Сосуд с отсечённой головой его сына Зейналя.
— Где калиф? — шепнул Леонардо Куану, испугавшись вдруг остаться наедине с царём; но Куан молча повернулся и вышел.
Леонардо ничего не оставалось, как идти дальше, потому что Уссун Кассано уже смотрел на него. Глаза царя были широко раскрыты и налиты кровью, словно они смотрели прямо в ад, словно их внутренние огни осветили прореху в мире и показали царю его собственную смерть.
— Владыка Миров... — пробормотал Леонардо, стараясь не смотреть на сосуд, стоящий около царя; но всё же одним взглядом охватил всё до мельчайших подробностей; юное чистое лицо, холодные голубые, как стекло, глаза — они, собственно, и были стеклом, — густые рыжие волосы, стянутые тугим узлом на затылке, полные, крепко сжатые губы, высокие скулы, чуть скошенный подбородок. Если бы не кожа, желтоватая, как пергамент, это лицо могло бы принадлежать Уссуну Кассано. Эффект был пугающий.
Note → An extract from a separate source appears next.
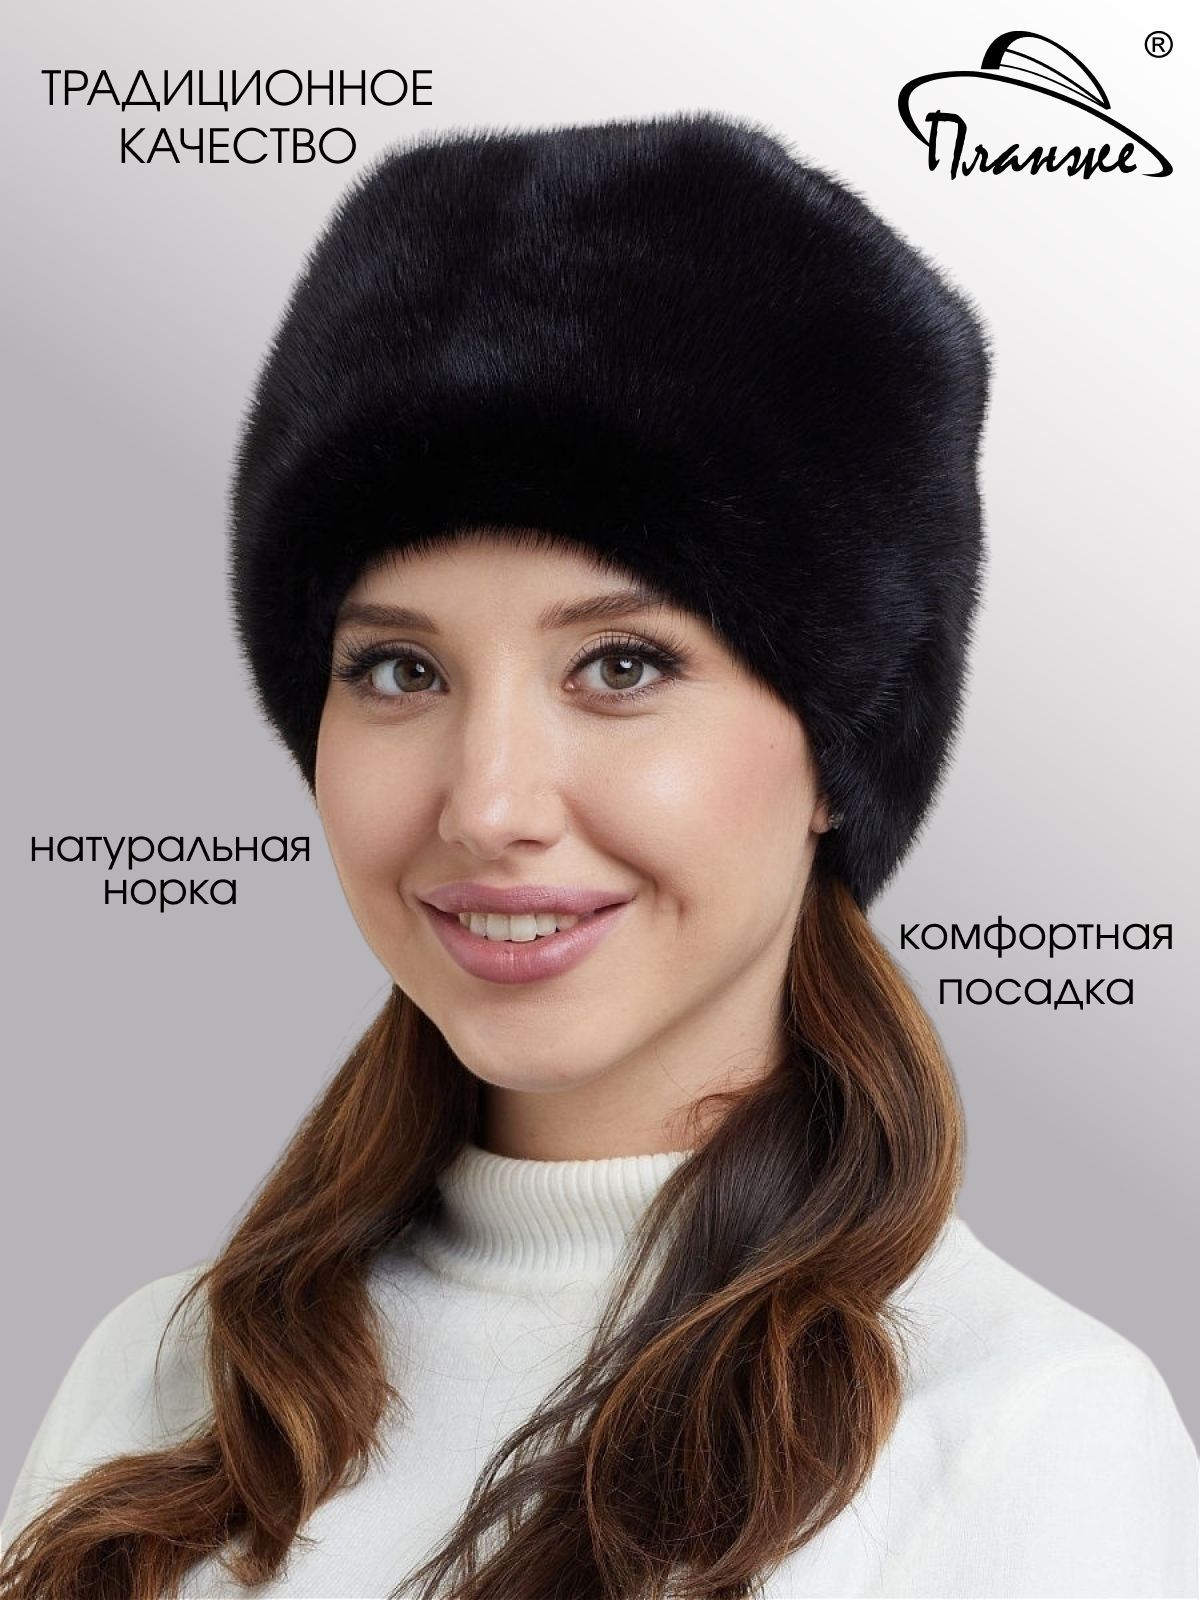 Купить зимние меховые шапки из натурального меха - Интернет магазин

— Теперь ты увидел двоих моих сыновей, маэстро.
— Я видел их всех, великий царь... на похоронах Унгермамета.
— Да, верно, — сказал Уссун Кассано, не сводя с сосуда пустых неподвижных глаз. — Ты их видел... но теперь ты воистину увидел всех, потому что это мой сын Зейналь, это дар Великого Турка. Я отплатил ему, отправив назад его послов изрезанными на кусочки. — Царь помолчал, размышляя, затем добавил: — Похоже, он держал у себя голову моего сына забавы ради. Как украшение для шатра.
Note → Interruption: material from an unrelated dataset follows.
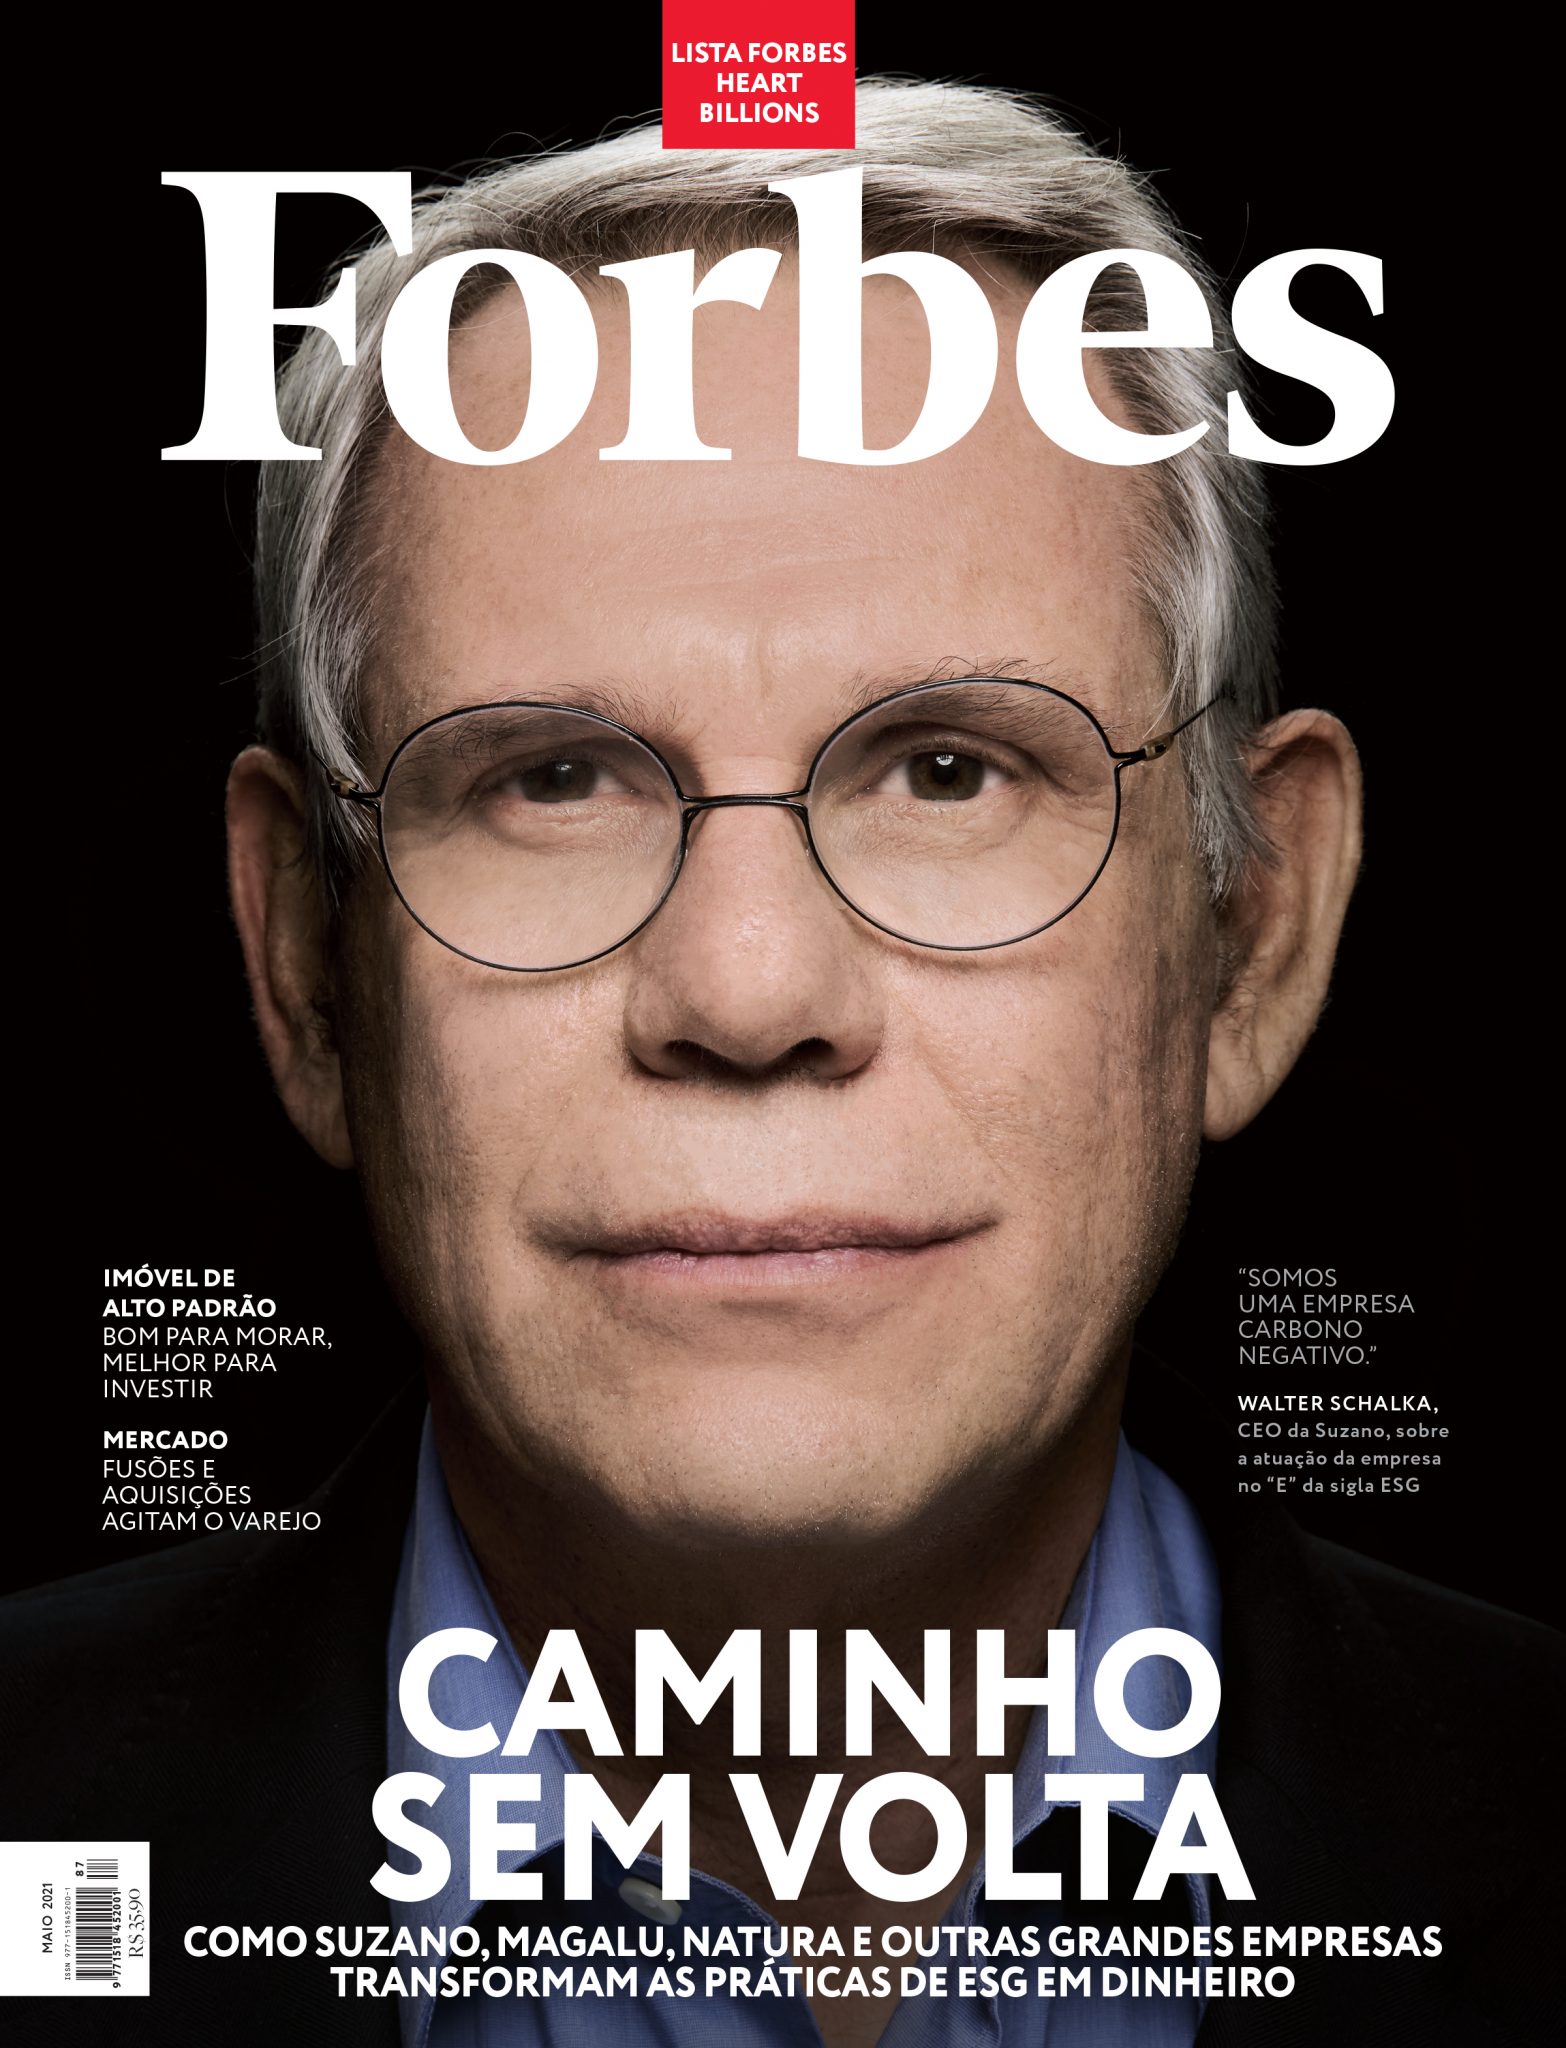 Edição da Forbes Brasil apresenta práticas de ESG nas grandes

— Но ведь ты же знал, что...
— Это случилось меньше года назад, — сказал Уссун Кассано. — Я молился, чтобы он был жив. Я думал, что Турок держит его заложником, потому что, когда я посылал послов в его столицу, Мехмед не отрицал этого. — Уссун Кассано тихо засмеялся. Затем едва слышно спросил Леонардо: — Помнишь, что я сказал тебе, когда убил моего сына? — И на миг замолчал, словно прислушиваясь к отдалённым голосам ангелов... или джиннов. — Но я убил двоих своих сыновей. — Он взял в руки сосуд, заглянул в мёртвые глаза Зейналя. — Теперь твоя очередь увидеть. — Уссун Кассано оглянулся на Леонардо, нетерпеливым взглядом требуя ответа.
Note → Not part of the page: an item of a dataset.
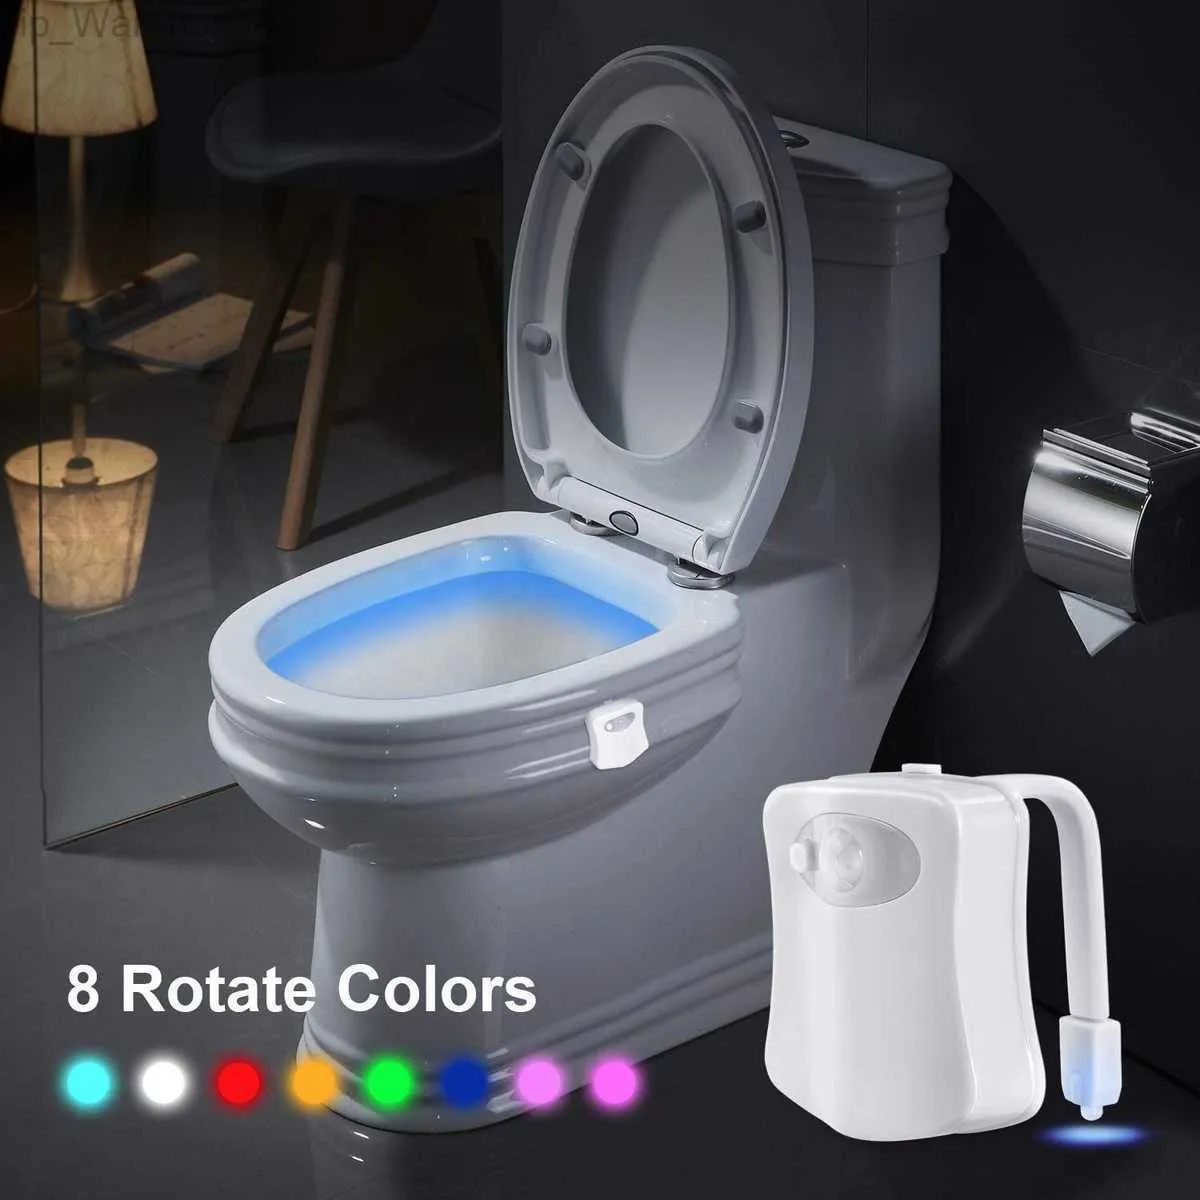 8 Farben Toilettenleuchte PIR Motion Sensor Toilette Nachtleuchte LED WASHROOM NACHT LAMPE TOMTORTEL LELLE FÜR DIE BADRAUT TOOL HKD230812

— Я не могу вспомнить, повелитель, — сказал Леонардо.
— Тогда обшарь свой собор памяти и не лги мне.
— Прежде чем вынести Унгермамета из погребального шатра, ты сказал: «Последнее унижение».
— Теперь понимаешь?
Ответить на это было нечего; Леонардо опустился на колени перед Уссуном Кассано, потому что невежливо стоять выше царя.
— Я ошибался, очень ошибался, но теперь... теперь я опять скажу тебе: это будет последнее, самое последнее унижение... для меня.